[DATA SUPPLIED Boundary: Start]

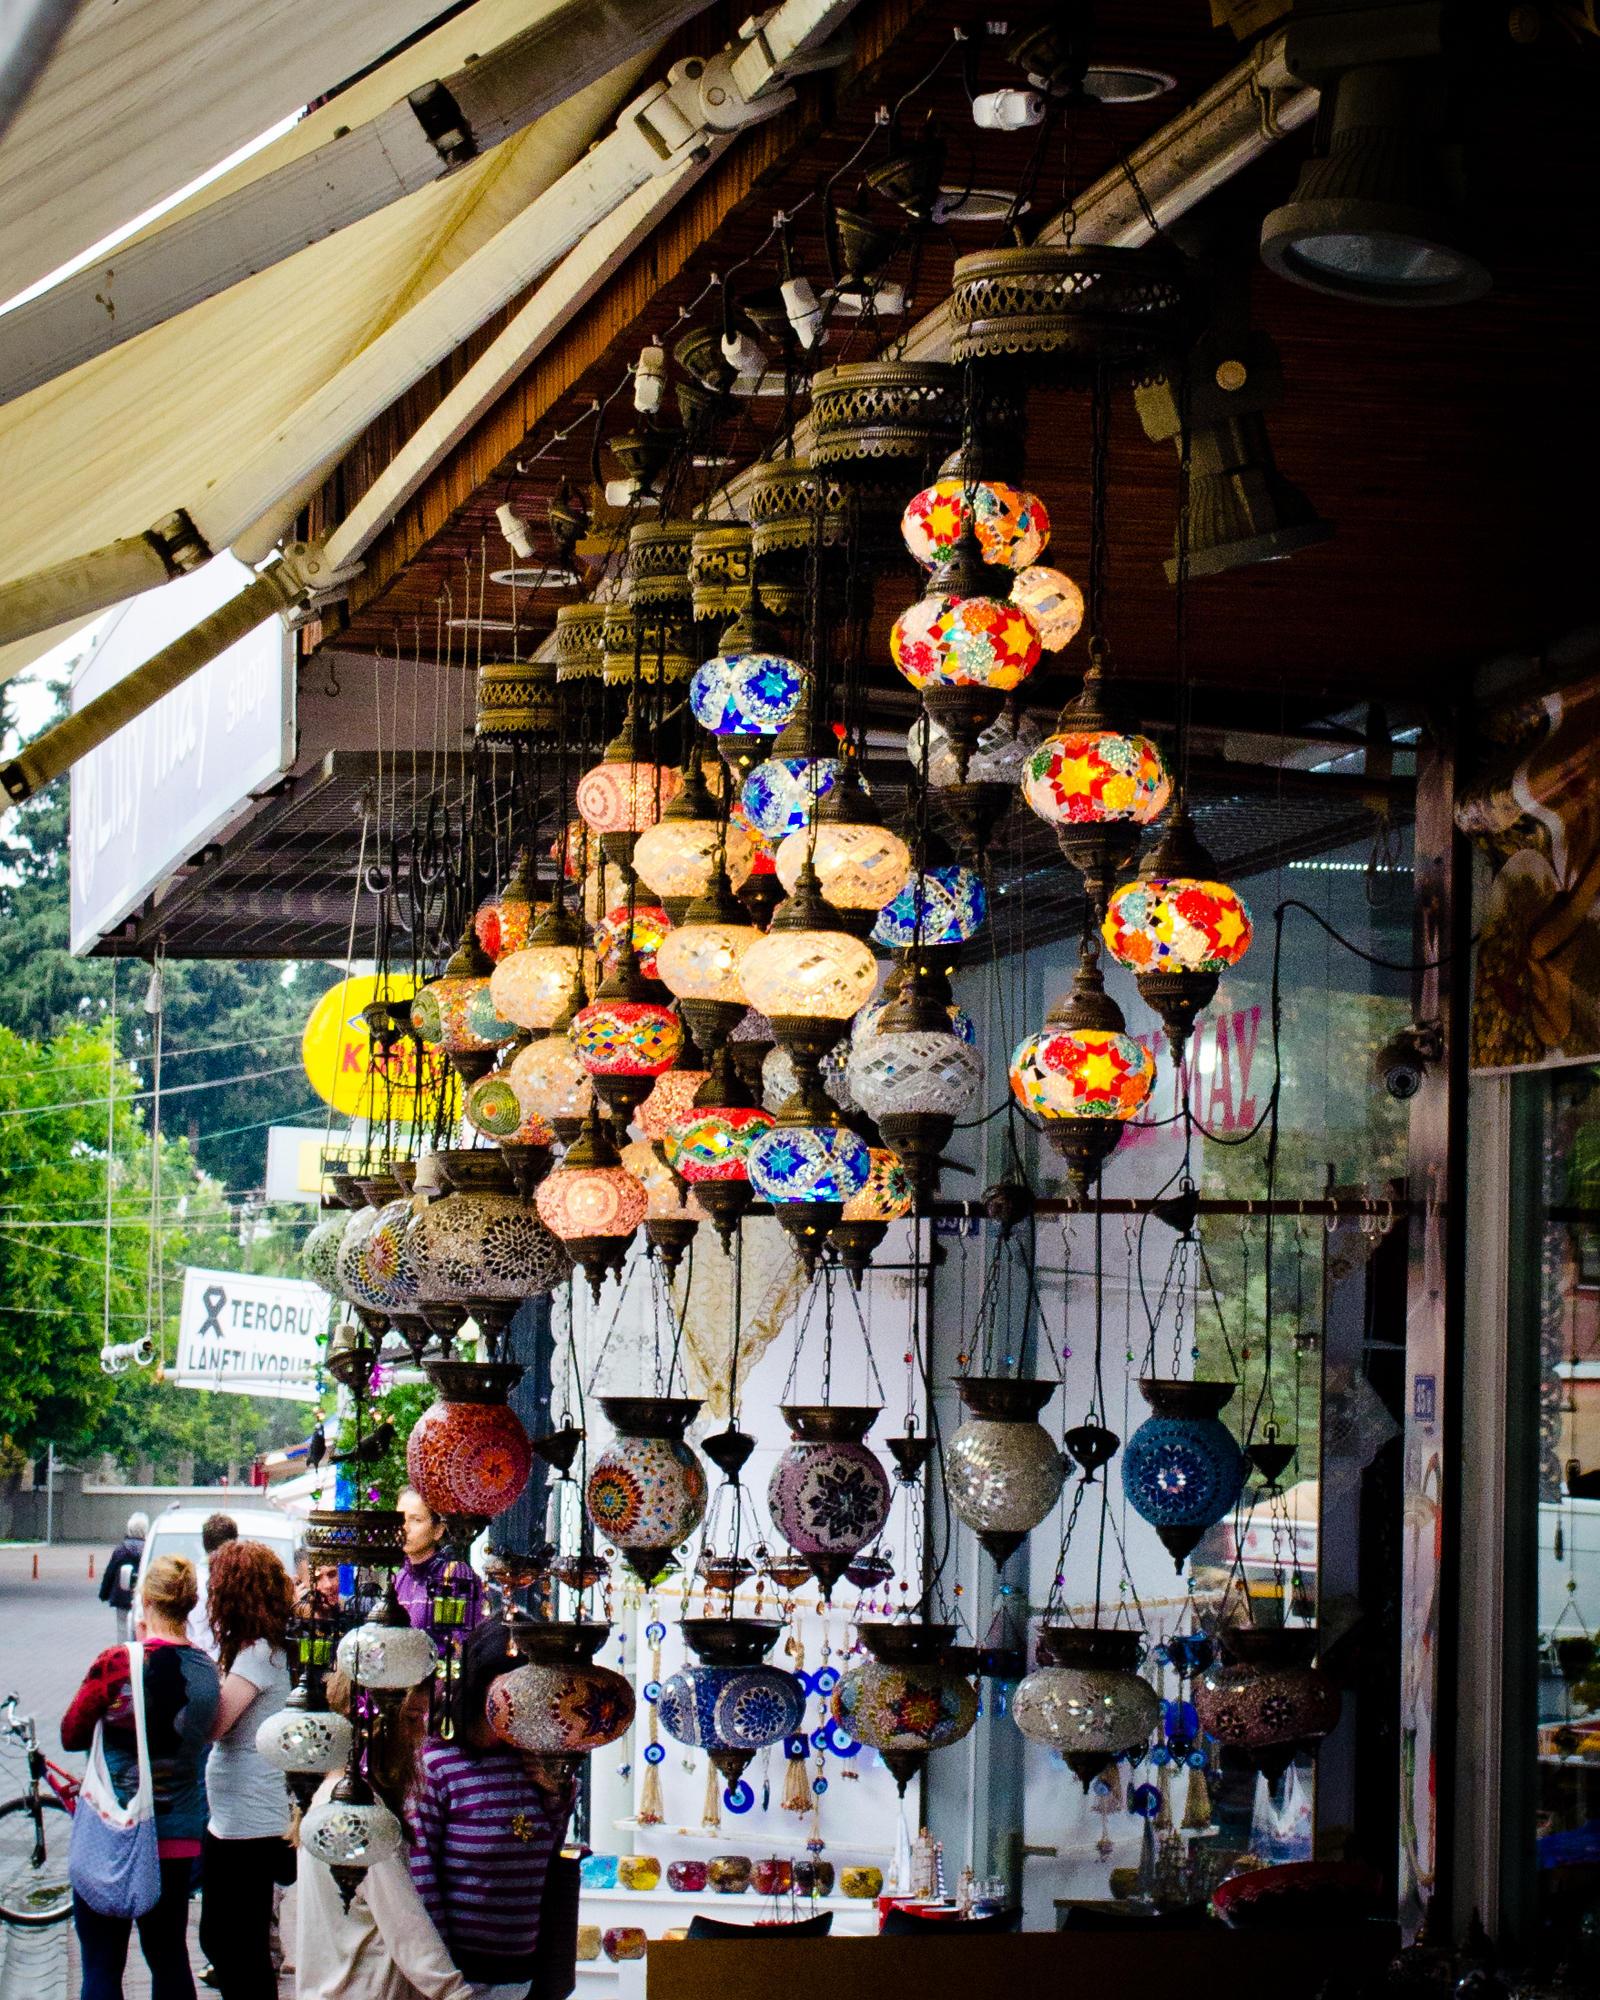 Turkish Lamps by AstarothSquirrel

[DATA SUPPLIED Boundary: End]
[DATA SUPPLIED Boundary: Start]

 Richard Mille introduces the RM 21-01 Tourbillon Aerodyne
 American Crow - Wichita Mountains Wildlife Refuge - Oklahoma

[DATA SUPPLIED Boundary: End]

» **ASSIGNMENT**:
In the listing above, find the line containing "Richard Mille introduces" and the line containing "American Crow - Wichita", then repeat those two lines and everything between them exactly.

» **SOLUTION FOR THIS EXERCISE**:
 Richard Mille introduces the RM 21-01 Tourbillon Aerodyne
 American Crow - Wichita Mountains Wildlife Refuge - Oklahoma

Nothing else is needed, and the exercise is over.